Oberlin College, where I sent my sons, is extremely expensive. I was able, out of my salary, to pay for my kids; as a consequence, I have much less money than I would otherwise have. They had a fine education, made lifetime friends, but I probably made a mistake not having them go to BU for free [via the faculty tuition remission], save the money, and give it to them when they graduated. If [students] aren’t saddled with [debt] directly, they’re saddled with it indirectly, insofar as the kids will inherit less money if the parents have spent down their wealth.
BU Today: Why is paying off debt, including your mortgage if you can, the best investment?
If I can borrow at, let’s say, one percent, and lend at 20 percent, I make the differential. This is the reverse: if I can reduce my lending and pay off a debt, where the lending’s at a low rate and the debt repayment’s at a higher rate, it’s the same arbitrage.
BU Today: So should we rent rather than own our homes, like the majority in some European countries do?

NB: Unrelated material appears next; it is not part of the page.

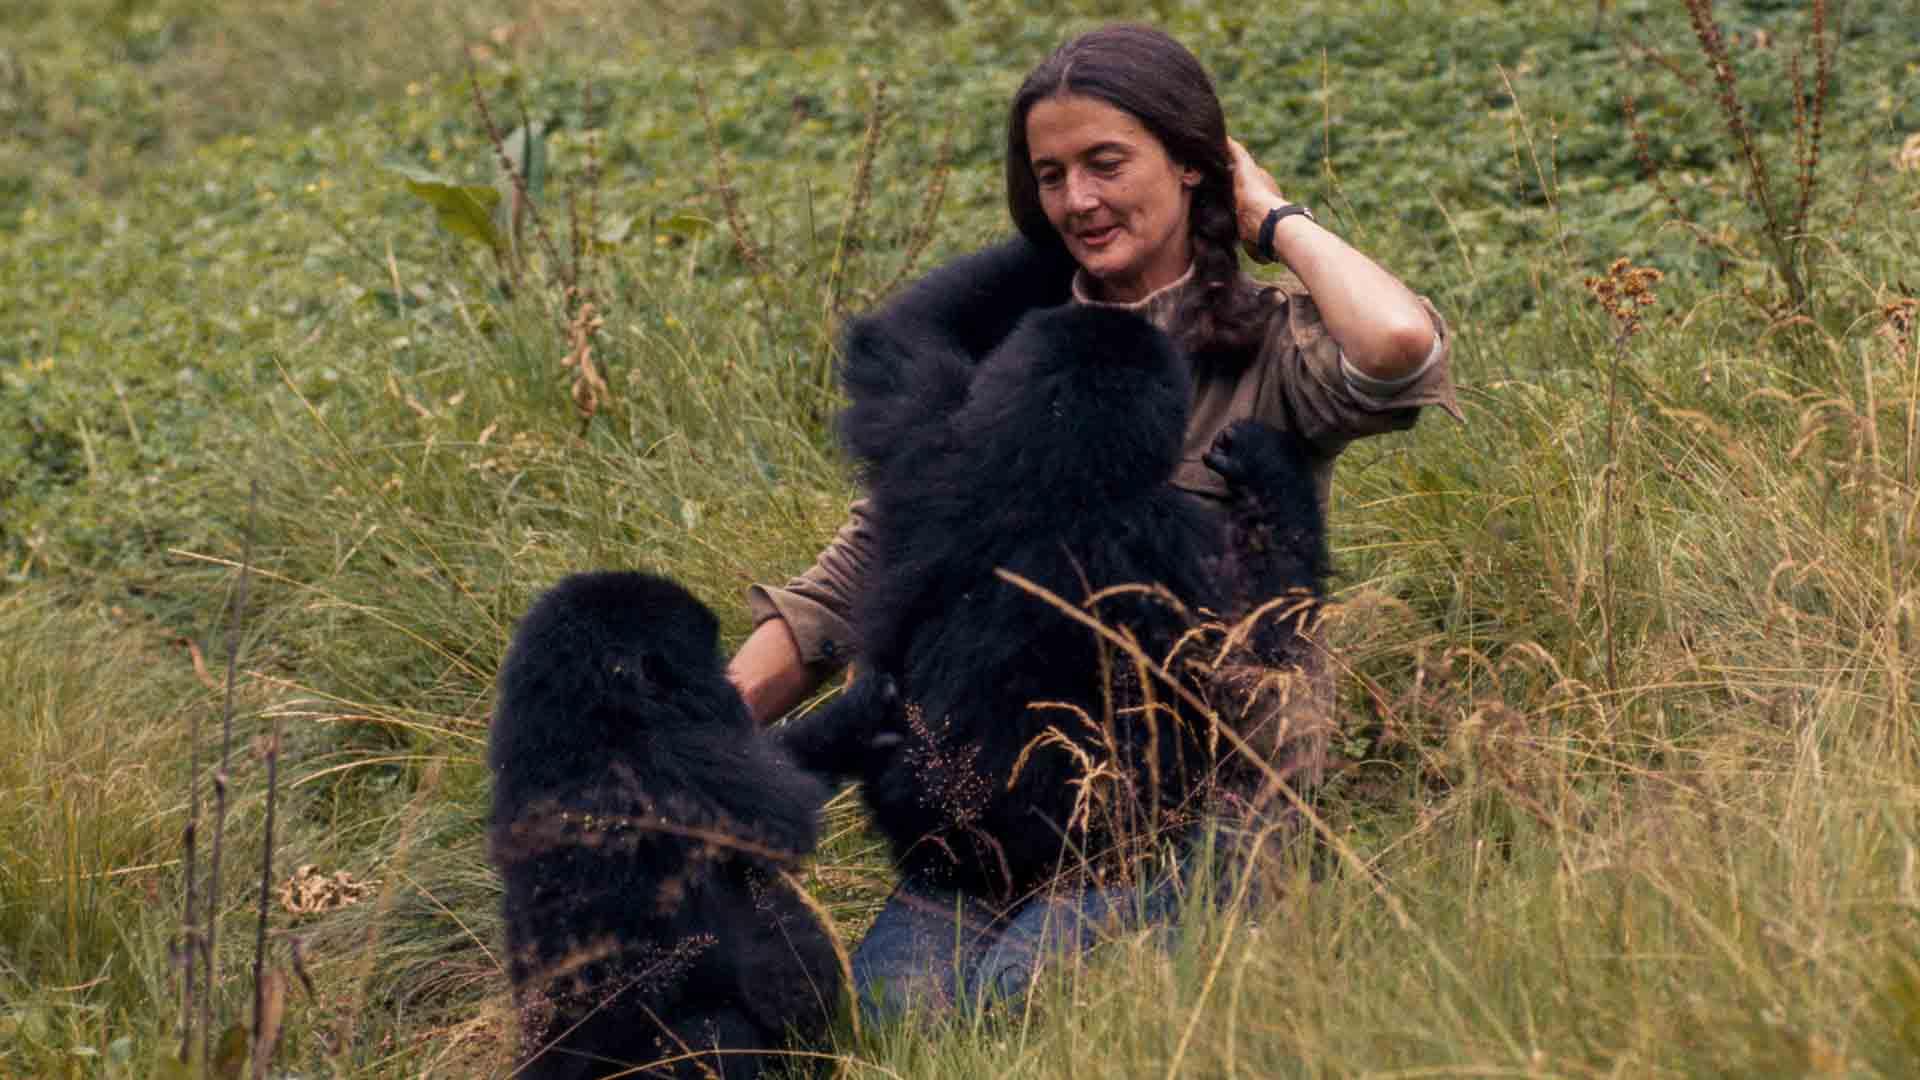 Dian Fossey ha dedicato la vita a proteggere i gorilla

There’s a trade-off there. If we have 18 percent credit card loans, we should not be putting down money to pay for a house; we should be paying off the cards and then saving up for a down payment, and rent in the meantime. But we could also buy a place that’s less expensive. We could move to areas that have cheaper housing.
BU Today: Why do you suggest avoiding early retirement and waiting till age 70 to collect Social Security?
We can’t count on dying on time, at our life expectancy, even though Wall Street is telling us we can in order for us to keep our money with them so that they can keep charging fees. This is part of the scam they’ve been running. What economics says is that you have to plan to live the longest you could possibly live, because you might. You can’t set yourself up in a situation where you potentially starve or be in a terrible setting, like a Medicaid nursing home, if you can avoid it.
For low-income people, the odds of dying early have gone up. For high-income people, it’s gone the other way. You have to plan to live to your maximum age, but given the probability you won’t make it, what economics says to do is take a calculated gamble, whereby you plan to live to 100, but spend more before, let’s say, 70, and gradually less after. I’ll drop my spending every year by half a percent, because the chances are I’m not going to make it. That’s taking a gamble, but it’s never leaving me in a position where I’m starving.